**Task to carry out:**
The line with "SUPER DESIGN 7a8b76" marks where to begin; print it and all lines after it in the material below exactly, skipping pictures.

**Information supplied:**
◆ ◆ ◆ ◆ ◆

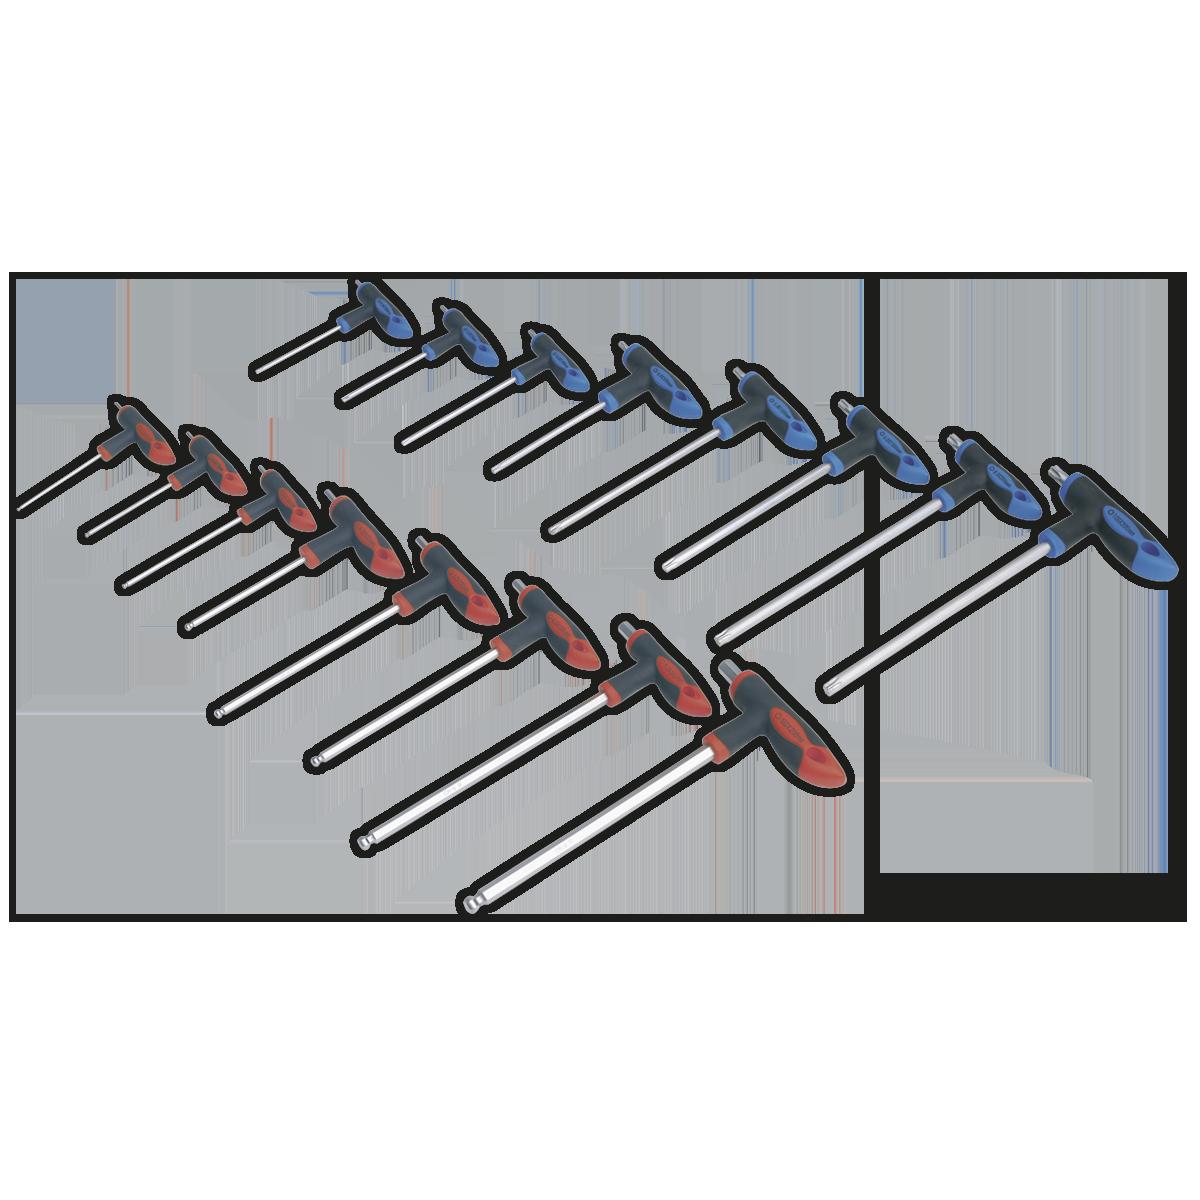 S0466 Siegen Hex Key Set 10pc T-Handle Metric Key Sets
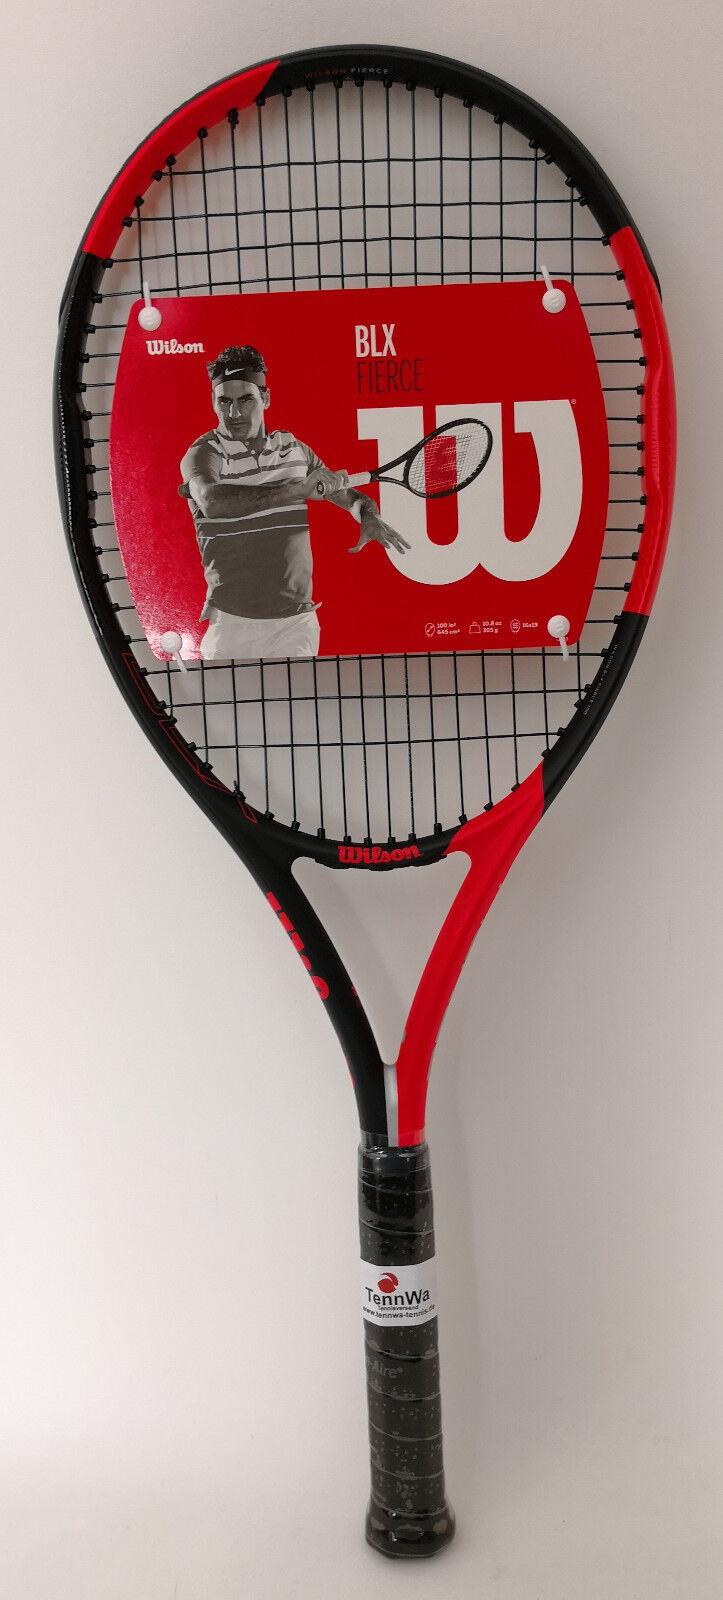 Statt      Allround-Tennisschläger Wilson BLX Fierce, besaitet, SUPER DESIGN 7a8b76
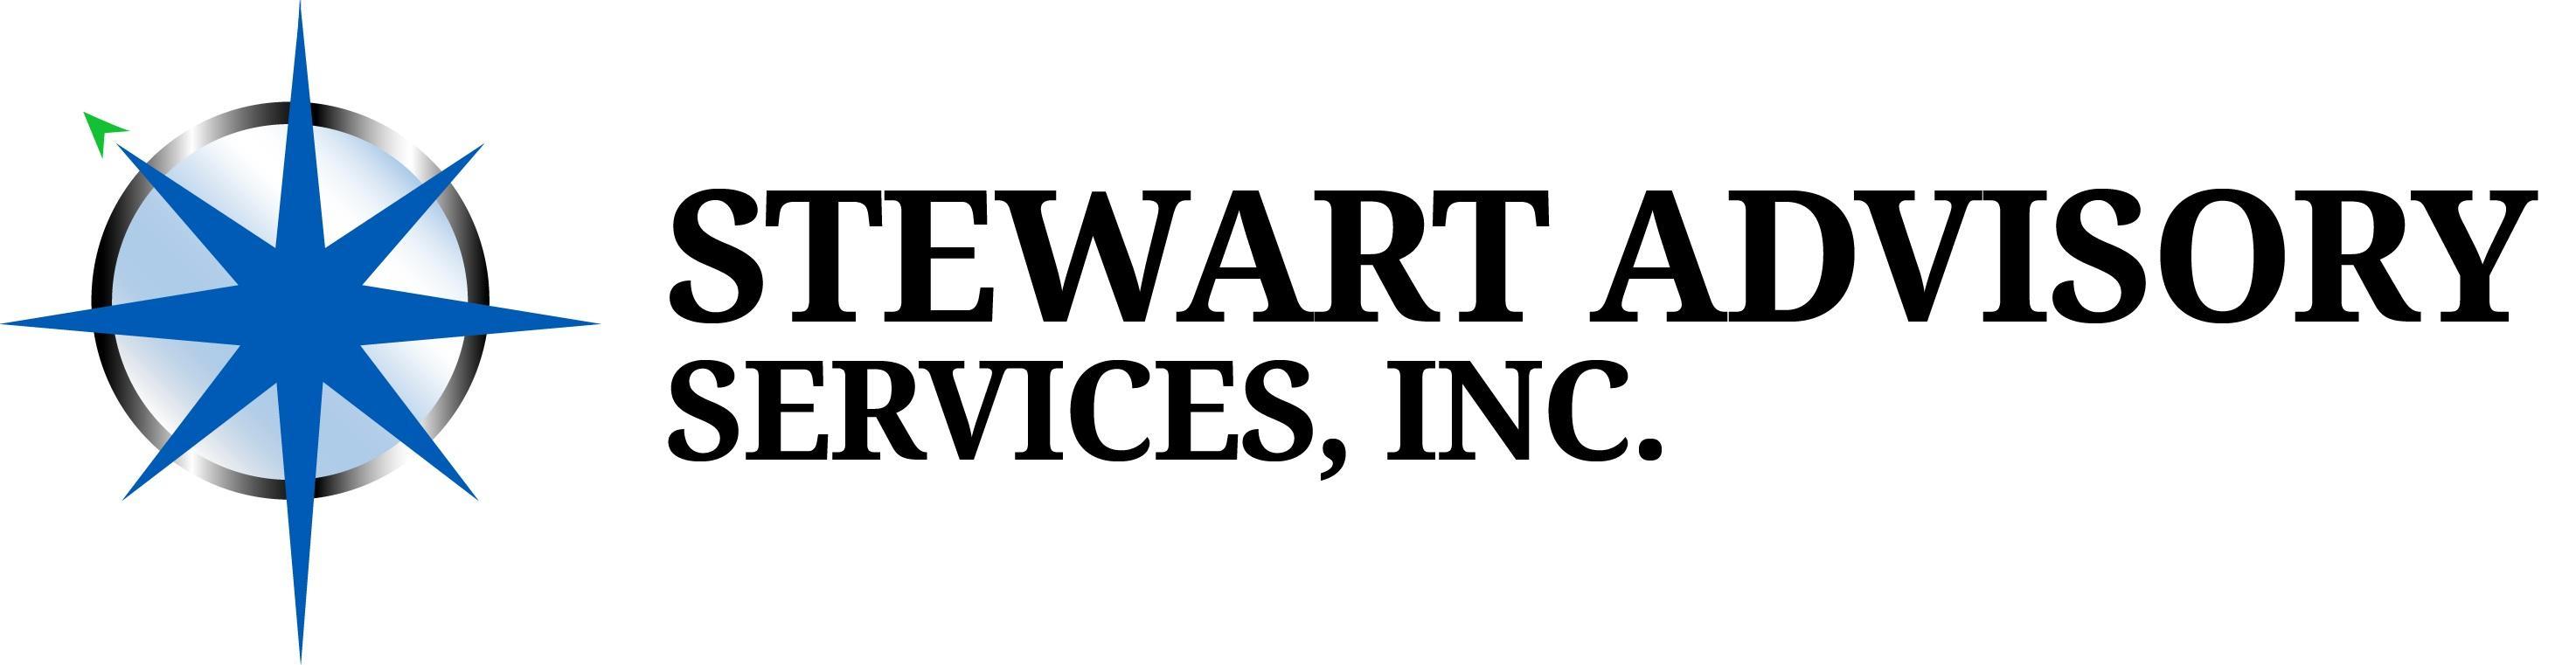 Stewart Advisory Services, INC.
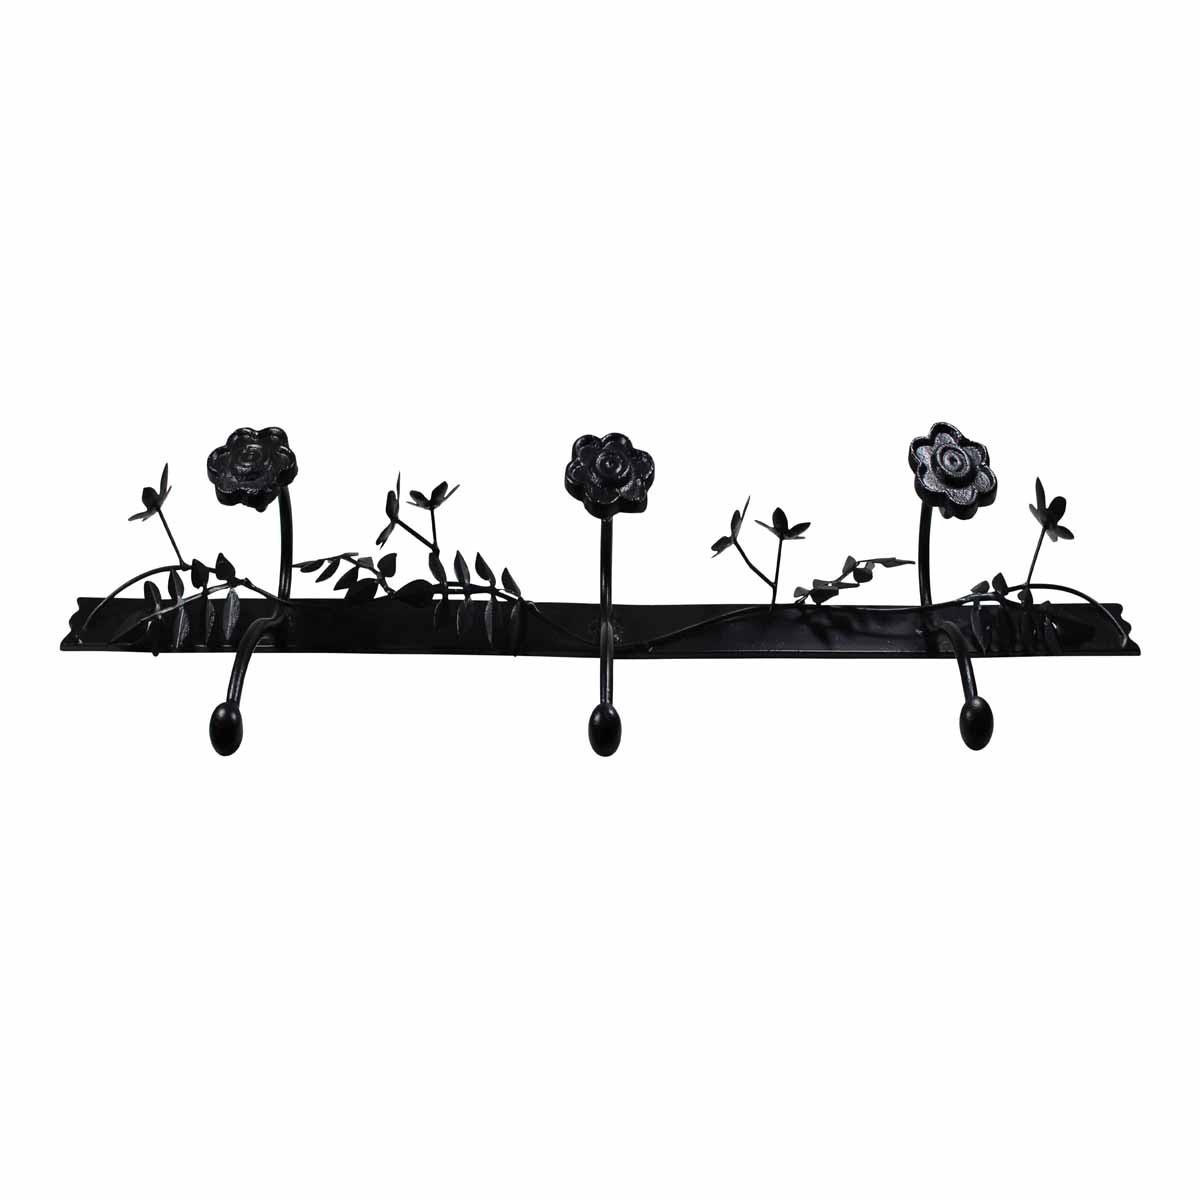 Decorative Triple Hook Black Rose Wrought Iron Hooks Decorative Hook Coat Hook

◆ ◆ ◆ ◆ ◆

**Reply to the exercise:**
 Statt      Allround-Tennisschläger Wilson BLX Fierce, besaitet, SUPER DESIGN 7a8b76
 Stewart Advisory Services, INC.
 Decorative Triple Hook Black Rose Wrought Iron Hooks Decorative Hook Coat Hook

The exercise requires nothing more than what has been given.